Лед держал.
«Спасибо, батюшка Водяной… Коли вправду помиловал…»
Не ошущая холода, Твердолюб подполз к раскиданным пожиткам, связал их веревкой, взял в зубы конец. И тогда уже направился к берегу. Только саженей через десять, когда лед перестал зловеще потрескивать, он позволил себе вздохнуть с облегчением. Встал на лыжи как полагалось — и пошел, волоча на веревке поклажу. Тут до него добрался холод, но Твердолюб знал, что прежде берега не замерзнет. А там — разведет костерок, согреется и обсушится. И никто и не сведает про его срам, доколе сам не расскажет.
«А что, и расскажу. Потом как-нибудь. Через годик-другой…»
Он совсем не смотрел вперед, только под ноги, где, в общем-то, всякий миг могла разверзнуться новая полынья. И вскинул голову в шапке обледеневших волос, только когда ветер обласкал его запахом дыма.
И ухнуло Твердолюбово сердце в самые пятки, а потом еще ниже, сквозь лед, в глубокие темные ямы, к рыбам и ракам!
На берегу его ждал жарко полыхавший костер. У огня с невозмутимым видом сидел Дымка. А подле — девчонка-ровесница из соседней деревни, Росомашка.
И понял Твердолюб, что настал ему самый последний конец. Страшно даже подумать, чего понарассказывает зловредная девчонка подружкам. В каких ярких красках распишет, как он, голый, волок по льду свои штаны, промокшие в полынье. Вот смеху-то будет! На семь окрестных деревень! А каким прозванием его небось теперь наградят!.. Таким, что былой «Твердолоб» великой честью покажется…
— Тверд, Тверд! — встретила его Росомашка. — Давай скорее к огню! А я одежу распялю!
Он даже не вдруг понял, о чем она толковала. Все ждал насмешек, от которых — хоть назад в прорубь, да с головой.
Пунцовый от стыда и лютой досады, он подошел к костру, отвернулся, начал выдирать лед из волос. Девчонка сбросила теплый кожух, оставшись в одной суконной свите:
— Бери, надевай!

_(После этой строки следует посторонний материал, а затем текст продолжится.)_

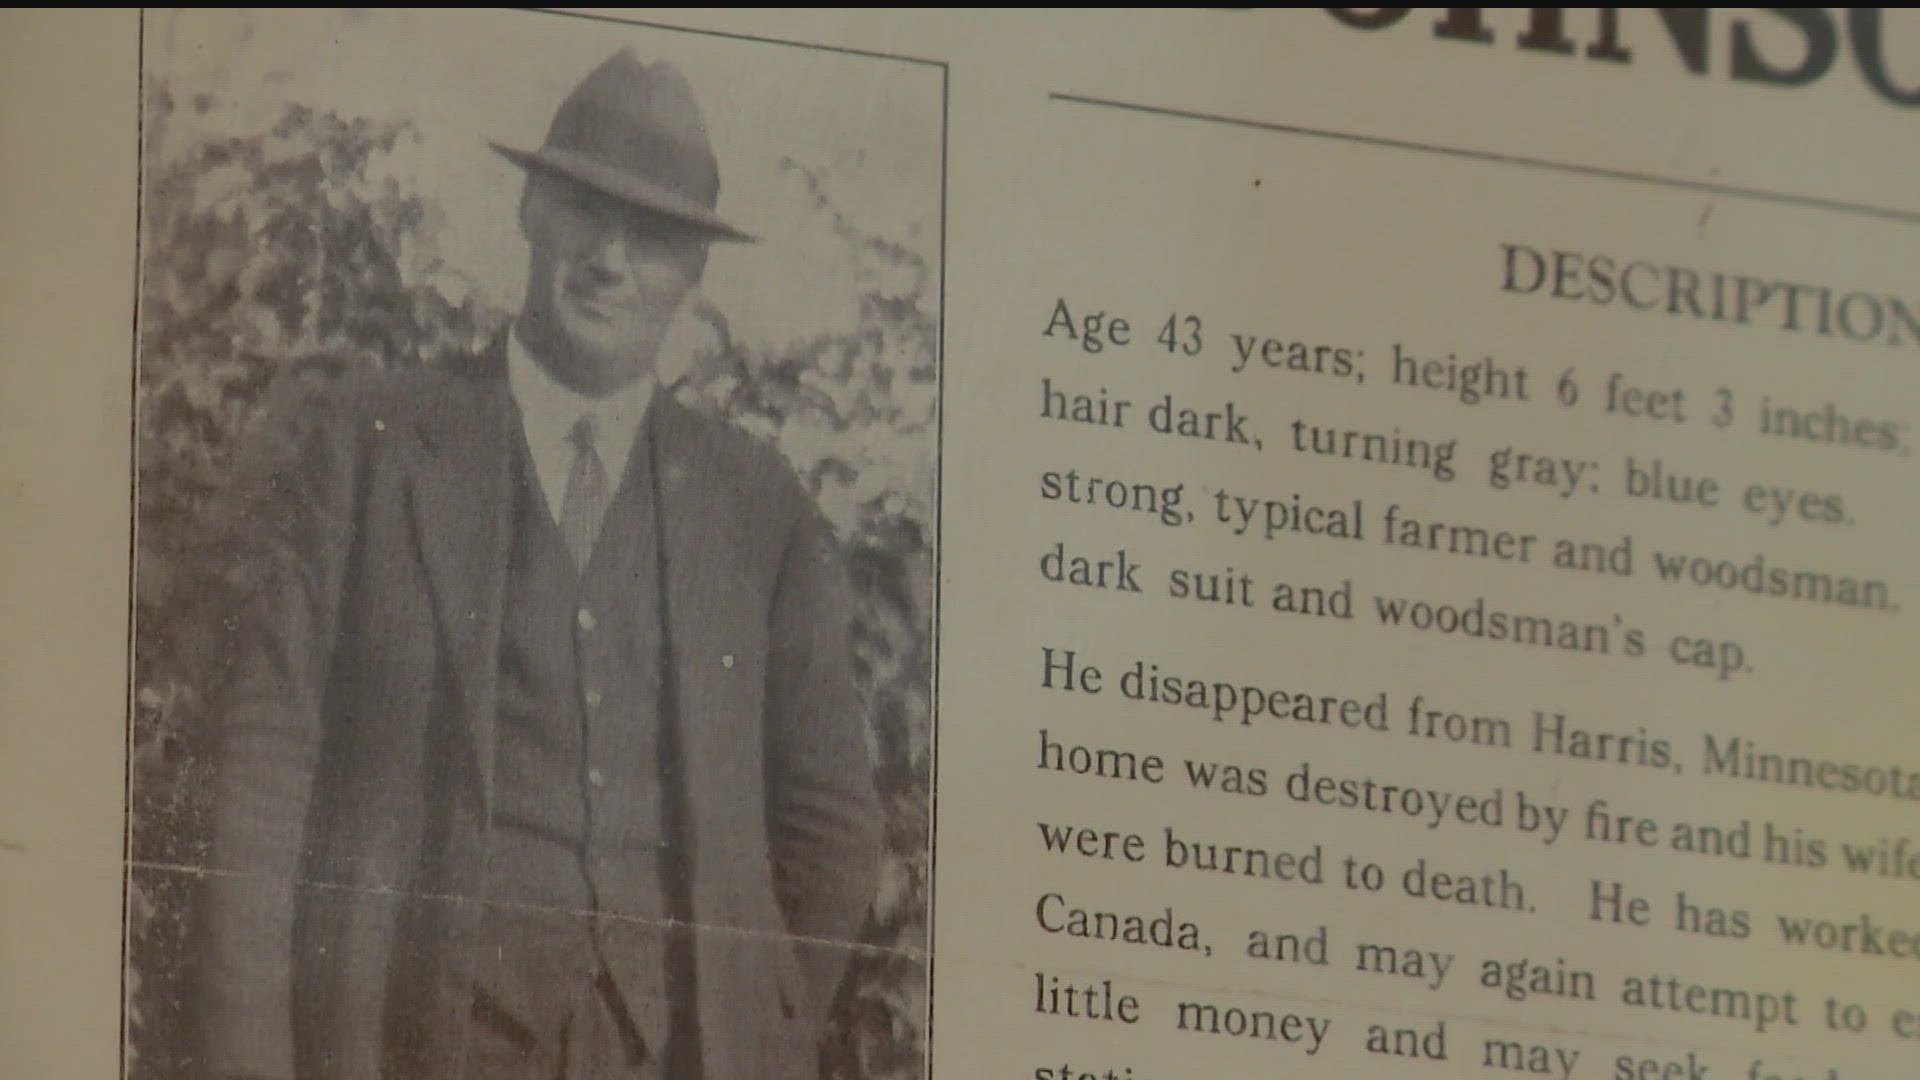 The Johnson family's remains were all found in a burned-down farmhouse in 1933, except for Albin Johnson, who was never seen again.

Твои порты пока еще высохнут!
«Ну вот, началось. Теперь жизни точно не будет. Да чтоб я… два года уже, как Посвящение принял… да в женский кожух!!!»
И ничего ведь не поделаешь! Девчонка — не парень, которому за такие слова и в ухо можно было бы дать.
Твердолюб затравленно глянул на мучительницу… Карие глаза Росомашки неожиданно показались ему огромными и какими-то беззащитными. В них не было злой насмешки. Ни малейшей. Была тревога и жалость, идущая от сердца, а потому и не такая уж обидная. И — желание помочь. И — еще что-то… Что-то очень хорошее, но такое, что думать и гадать вдруг стало еще страшней, чем барахтаться и не знать, выпустит ли полынья…
— Не надо мне кожуха, — буркнул он, поспешно отводя взгляд. — Теперь не застыну.